У Пети с самой юности уже были прочные убеждения, у Нины — по сути никаких, и так получилось естественно, что она стала думать, как и он. Он не терпел ничего, что принято в обществе, и само высшее общество, особенно гвардейцев и правоведов, уже за то одно, как смотрят они на женщину, — и, пожалуй, единственный раз за жизнь поступился убеждениями, согласясь на церковное венчание, — просто потому, что обряд этот неизбежен. Для Пети мучительно было при этом исповедоваться (впрочем, понимающий передовой священник задал лишь два-три формальных же вопроса) и причащаться. Да Нина и сама, ещё в 17 лет, отказалась от причастия: “Не верю, что это — кровь и тело Христовы!” (Внушала мать: “Ниночка, теперь и никто не верит, но все же причащаются!”) Не верила Нина и в таинство венчания, но сам обряд тянул, завораживал, был действительно открытием новой жизни и высшим праздником женщины.

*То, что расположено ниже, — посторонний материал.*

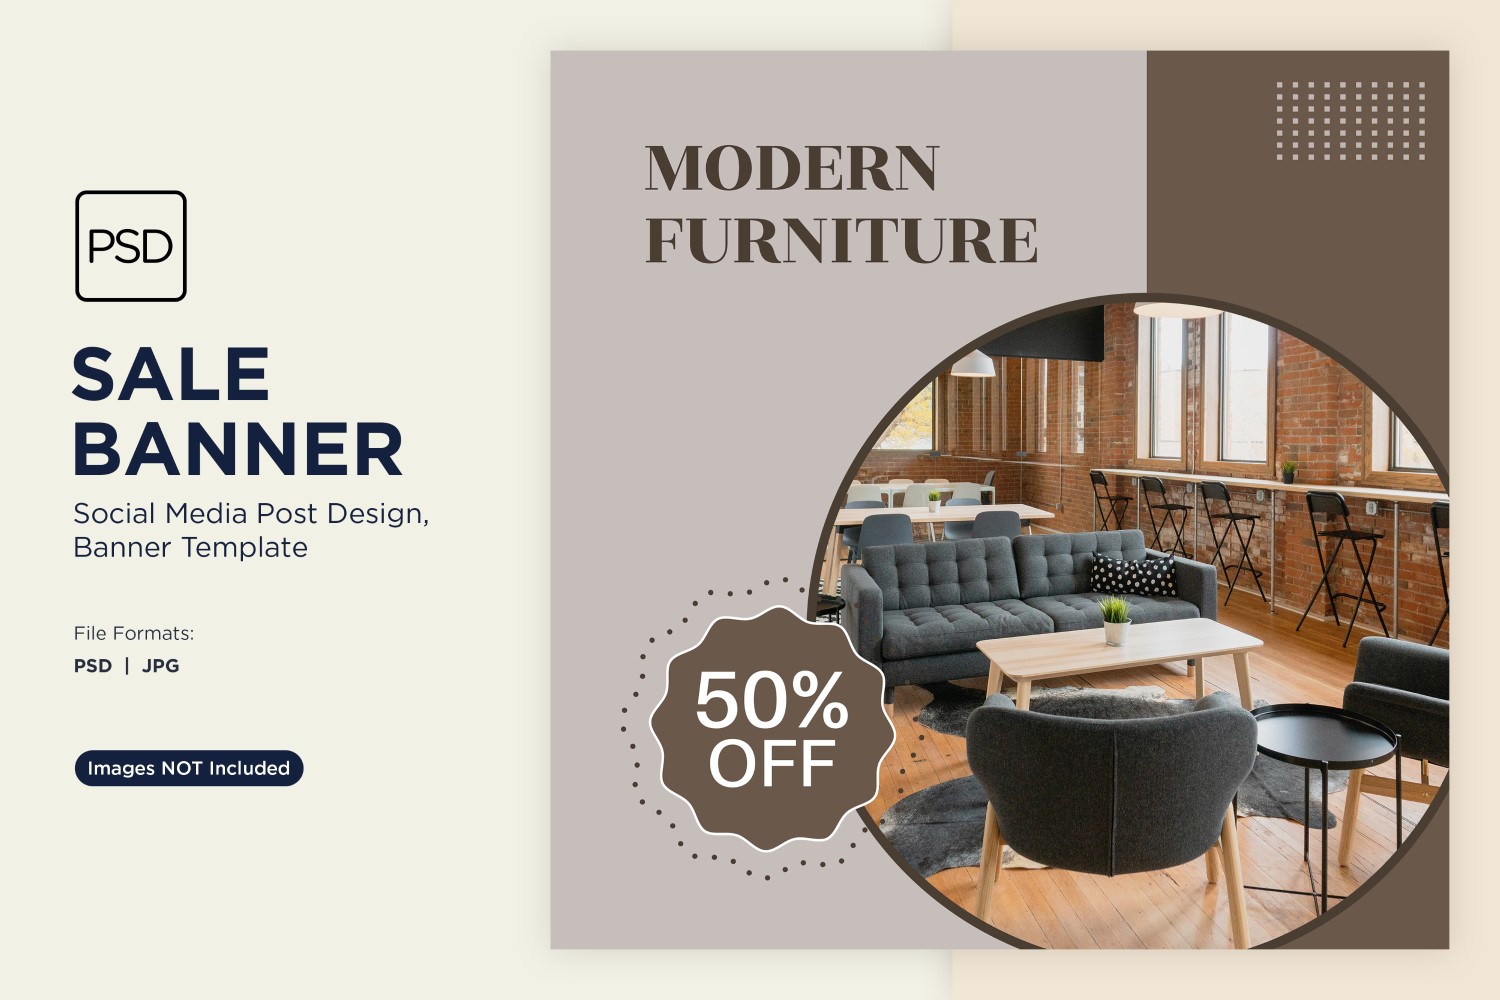 Big Sale on Modern Furniture Banner Design Template 1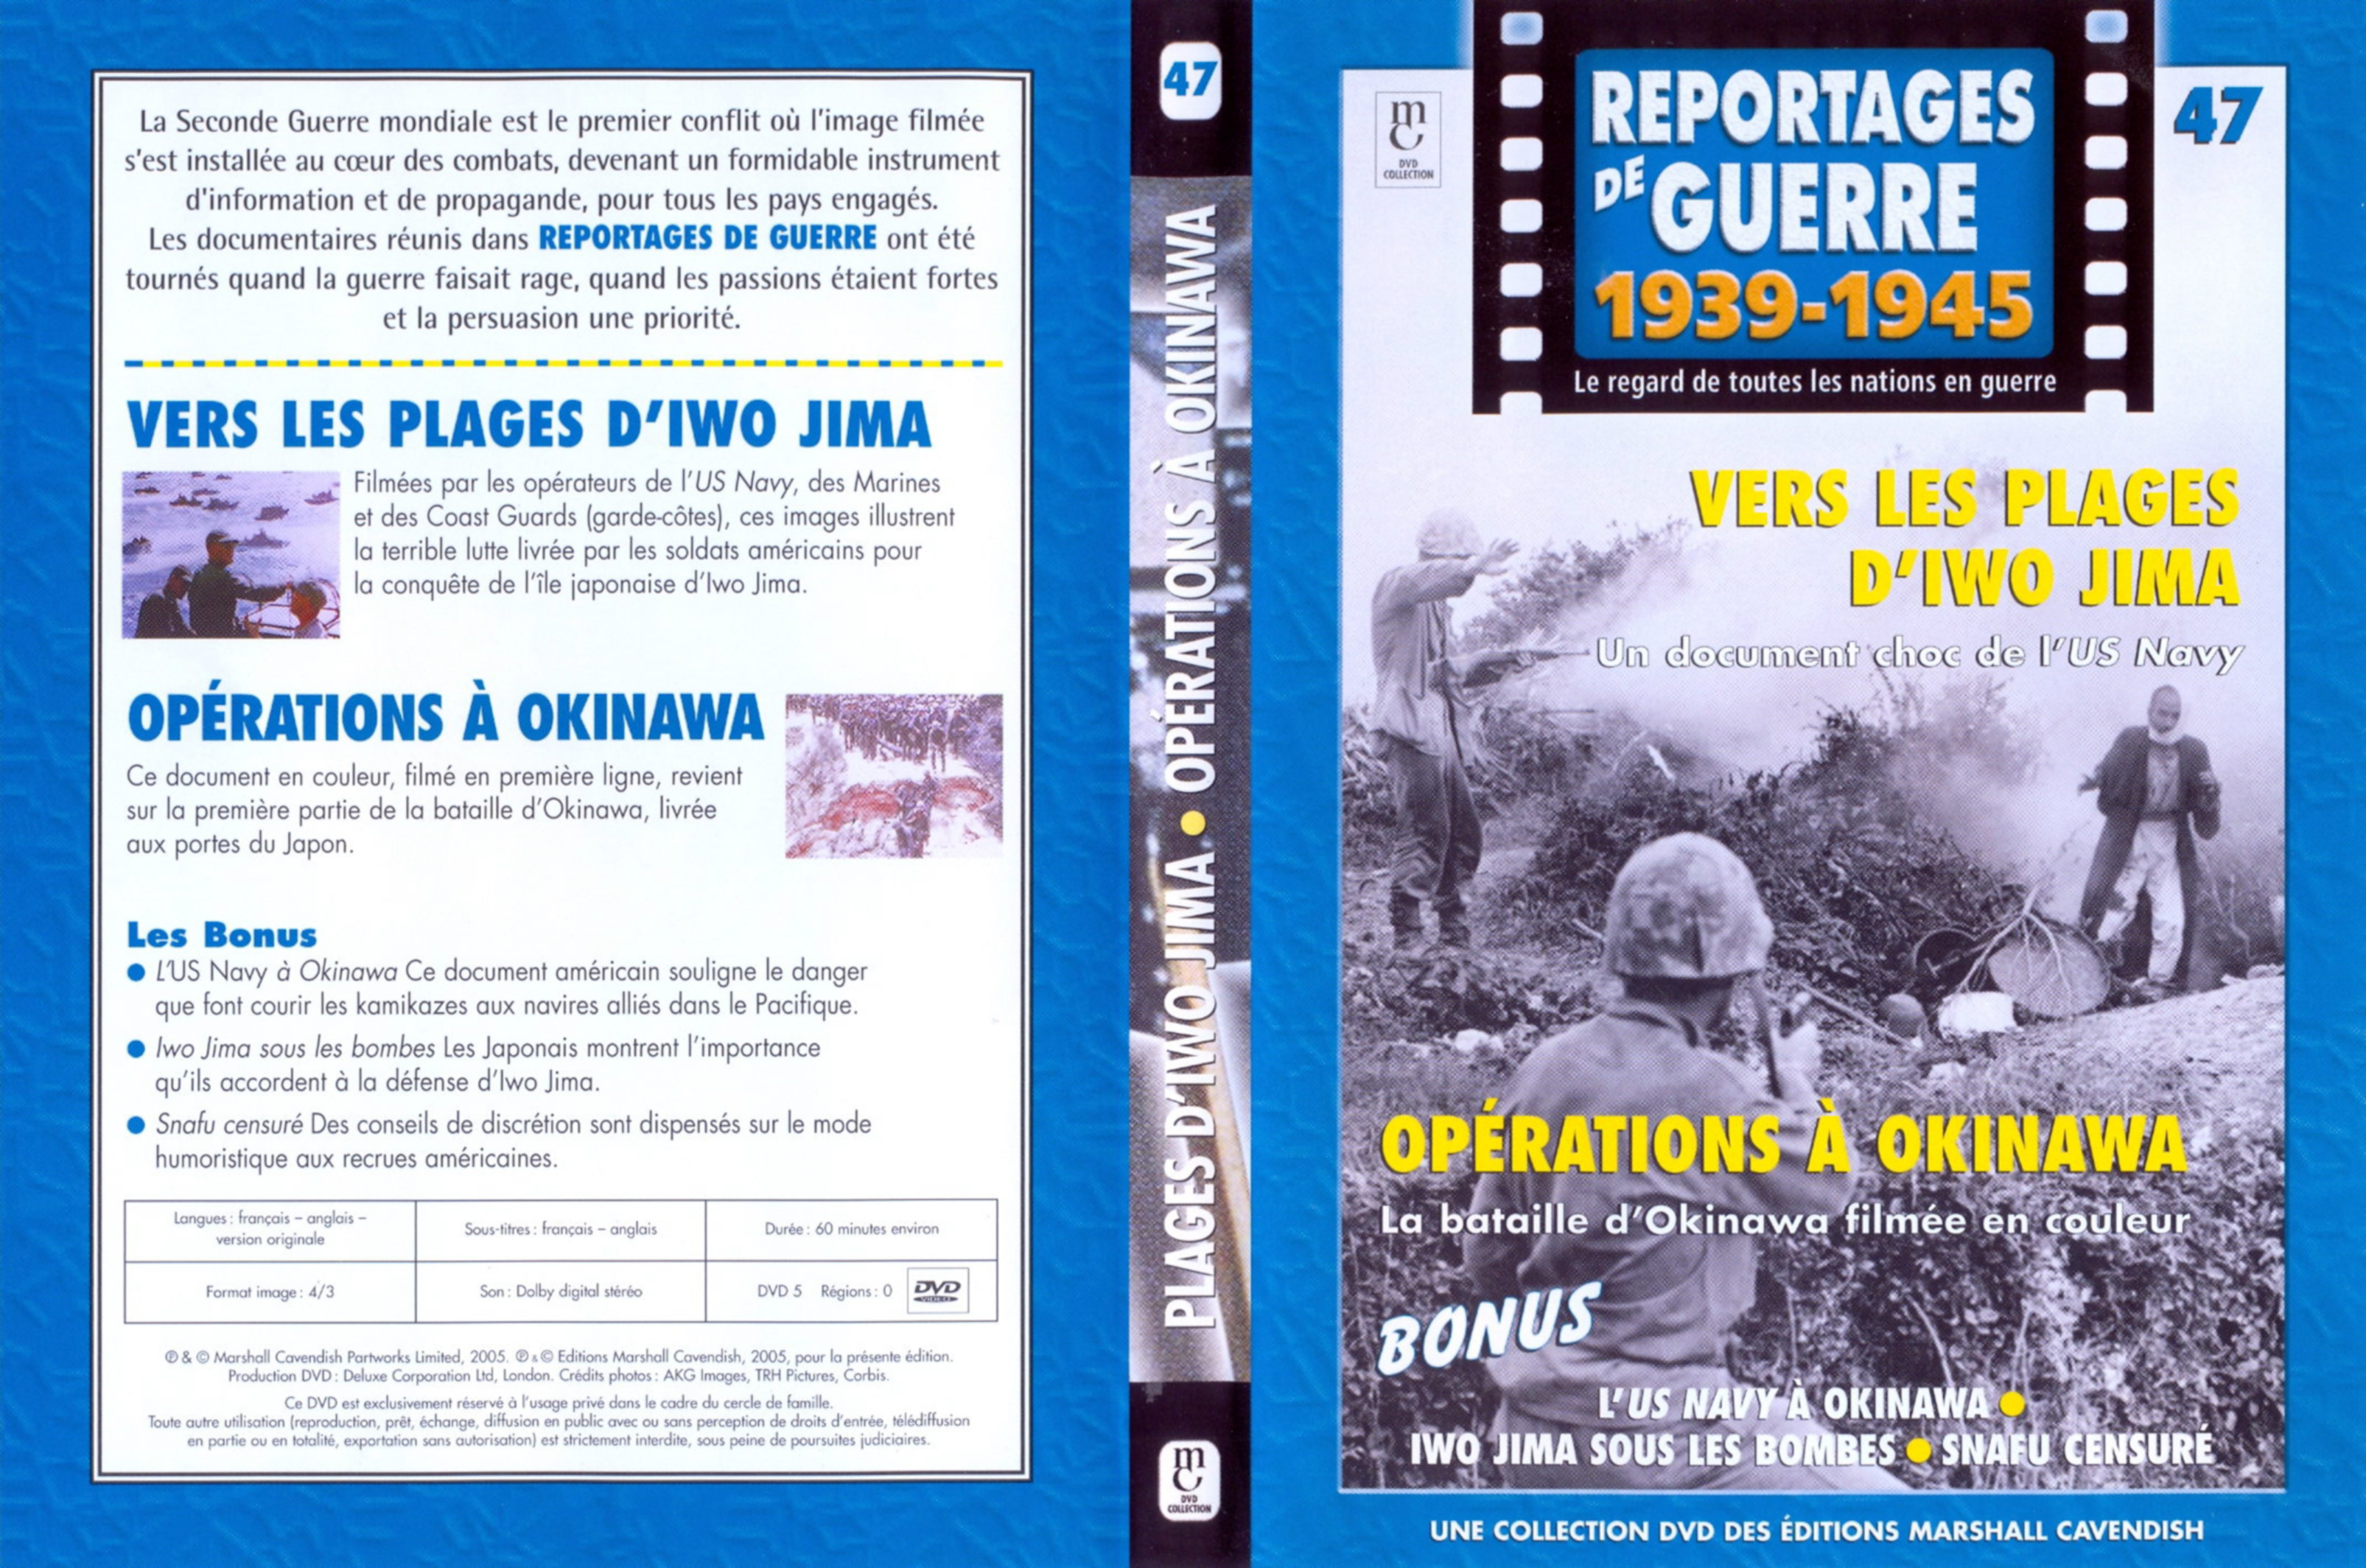 Jaquette DVD Reportages de guerre vol 47

На том уступки жениха и кончились. Он отказался делать свадебные визиты. Отказался от “романтических глупостей” идти на кладбище предков. Не любил сентиментальных воспоминаний жены, не любил их старого барского дома на Волхове, и само-то имение считал преступленьем, так что Нуся отказалась от своей доли наследства. (Да даже и своими руками работать на земле, самую связь с землёю Петя отвергал, сельского хозяйства не любил, как дела, куда вмешиваются внезапные неучитываемые силы: какие-нибудь град, засуха, и пропал твой технический расчёт).
В молодой петербургской жизни ещё бывали у Нуси минучие досады: в 20 лет и даже в 25 хотелось же потанцевать! Но никогда не было ни платьев, ни туфель, а первый же на платье родительский подарок муж взял на общественные нужды, взаймы, но безвозвратно. Да и времени не стало ни на концерты, ни на лекции, какие грезились: уже гнулась Нуся днями и вечерами, умножая и деля цифры рудничных обследований, разнося их по карточкам, много путала, да и скучно, сидишь дома целый день, как на службе, а муж требует неуклонно. Неуклонно — но и нежно. И при малом огорчении на лице мужа Нуся готова была отказаться от чего угодно. Так и приучилась она жить — в радостном угождении. “Прости, Нусенька, что я тебя в чёрном теле держу. Это — первое время. А там станет посвободнее — будем всюду ходить”, — но ник-когда “а там” не наступило за всю жизнь!.. Петя всегда как в котле варился, даже на студенческом балу у него были обязанности кассира каких-то сборов, даже на первом пароходе во Францию он на море не смотрел, а учил французский язык, — где же что могло остаться для жены? Однажды вырвалась она на рождественский костюмированный бал — но куда что делось? была неумела в игре, не бойка на язык и, прелестно одетая японкою, не привлекла внимания. Мечтала читать с мужем по вечерам серьёзные книги — не дождалась и этого. “Ты хоть просвещай маня!” — прашивала она, очень нуждаясь в авторитете. Но возражал молодой муж: „Я слишком уважаю тебя как личность, чтобы навязывать тебе свои взгляды. Вырабатывай сама”.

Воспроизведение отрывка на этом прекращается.